Posts Tagged ‘books’
“All that mankind has done, thought or been: it is lying as in magic preservation in the pages of books”*…
… But books (and their predecessors) are fragile, and need special archival care if they are to survive. That’s even truer, as Adrienne Bernhard explains in The Long Now Foundation‘s newsletter, of digital data and documents…
The Dead Sea scrolls, made of parchment and papyrus, are still readable nearly two millennia after their creation — yet the expected shelf life of a DVD is about 100 years. Several of Andy Warhol’s doodles, created and stored on a Commodore Amiga computer in the 01980s, were forever stranded there in an obsolete format. During a data-migration in 02019, millions of songs, videos and photos were lost when MySpace — once the Internet’s leading social network — fell prey to an irreversible data loss.

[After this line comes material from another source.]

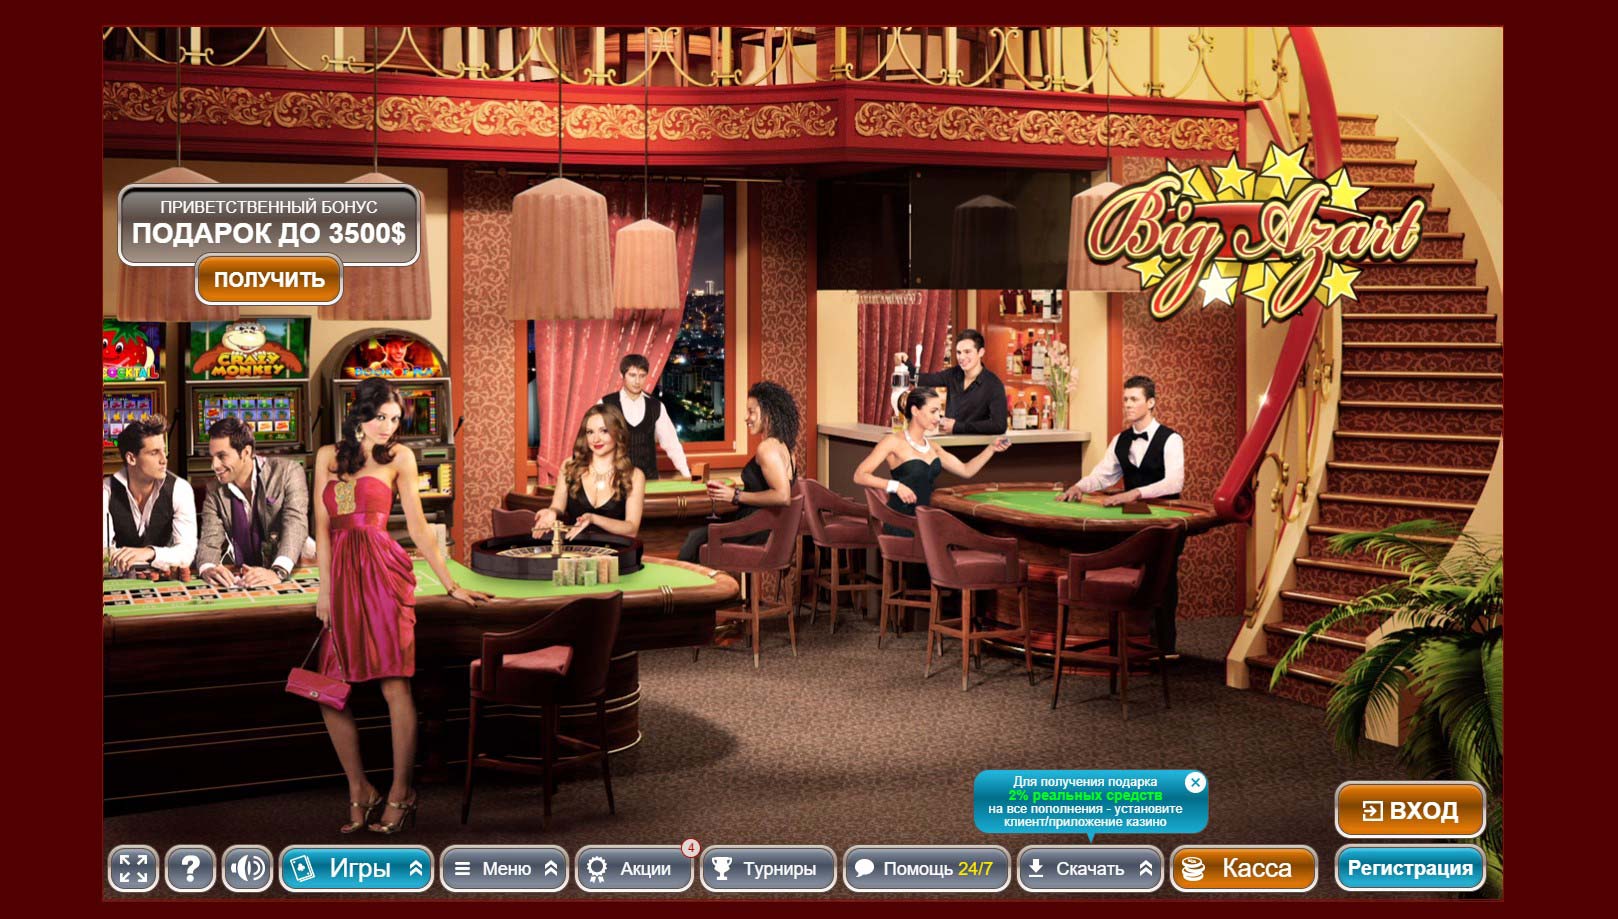 Казино биг азарт играть онлайн showthread php казино вулкан как лучше играть

A false sense of security persists surrounding digitized documents: because an infinite number of identical copies can be made of any original, most of us believe that our electronic files have an indefinite shelf life and unlimited retrieval opportunities. In fact, preserving the world’s online content is an increasing concern, particularly as file formats (and the hardware and software used to run them) become scarce, inaccessible, or antiquated, technologies evolve, and data decays. Without constant maintenance and management, most digital information will be lost in just a few decades. Our modern records are far from permanent.

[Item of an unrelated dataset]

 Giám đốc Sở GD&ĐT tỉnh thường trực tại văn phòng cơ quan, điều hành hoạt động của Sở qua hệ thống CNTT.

Obstacles to data preservation are generally divided into three broad categories: hardware longevity (e.g., a hard drive that degrades and eventually fails); format accessibility (a 5 ¼ inch floppy disk formatted with a filesystem that can’t be read by a new laptop); and comprehensibility (a document with a long-abandoned file type that can’t be interpreted by any modern machine). The problem is compounded by encryption (data designed to be inaccessible) and abundance (deciding what among the vast human archive of stored data is actually worth preserving).
The looming threat of the so-called “Digital Dark Age”, accelerated by the extraordinary growth of an invisible commodity — data — suggests we have fallen from a golden age of preservation in which everything of value was saved. In fact, countless records of previous historical eras have all but disappeared. The first Dark Ages, shorthand for the period beginning with the fall of the Roman Empire and stretching into the Middle Ages (00500-01000 CE), weren’t actually characterized by intellectual and cultural emptiness but rather by a dearth of historical documentation produced during that era.

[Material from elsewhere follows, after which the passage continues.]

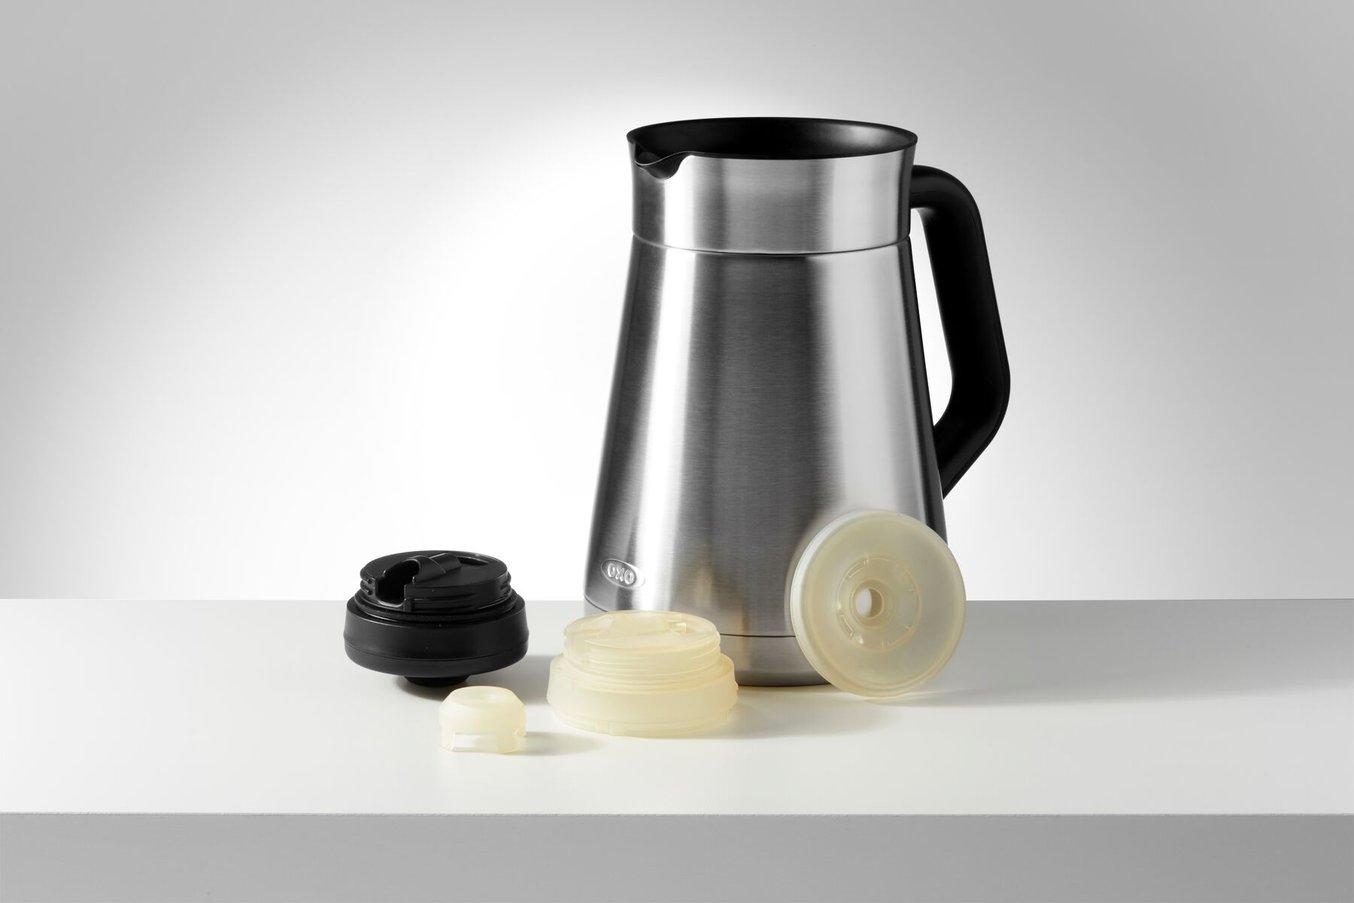 Cafetera y tapa de cafetera de OXO, con prototipos impresos en 3D de la tapa

Even institutions built for the express purpose of information preservation have succumbed to the ravages of time, natural disaster or human conquest. The famous library of Alexandria, one of the most important repositories of knowledge in the ancient world, eventually faded into obscurity. Built in the fourth century B.C., the library flourished for some six centuries, an unparalleled center of intellectual pursuit. Alexandria’s archive was said to contain half a million papyrus scrolls — the largest collection of manuscripts in the ancient world — including works by Plato, Aristotle, Homer and Herodotus. By the fifth century A.D., however, the majority of its collections had been stolen or destroyed, and the library fell into disrepair.
Digital archives are no different. The durability of the web is far from guaranteed. Link rot, in which outdated links lead readers to dead content (or a cheeky dinosaur icon), sets in like a pestilence. Corporate data sets are often abandoned when a company folds, left to sit in proprietary formats that no one without the right combination of hardware, software, and encryption keys can access. Scientific data is a particularly thorny problem: unless it’s saved to a public repository accessible to other researchers, technical information essentially becomes unusable or lost. Beyond switching to analog alternatives, which have their own drawbacks, how might we secure our digital information so that it survives for generations? How can individuals, private corporations and public entities coordinate efforts to ensure that their data is saved in more resilient formats?…
Without maintenance, most digital information will be lost in just a few decades. How might we secure our data so that it survives for generations? “Shining a Light on the Digital Dark Age,” from @AdrienneEve and @longnow. Eminently worth reading in full.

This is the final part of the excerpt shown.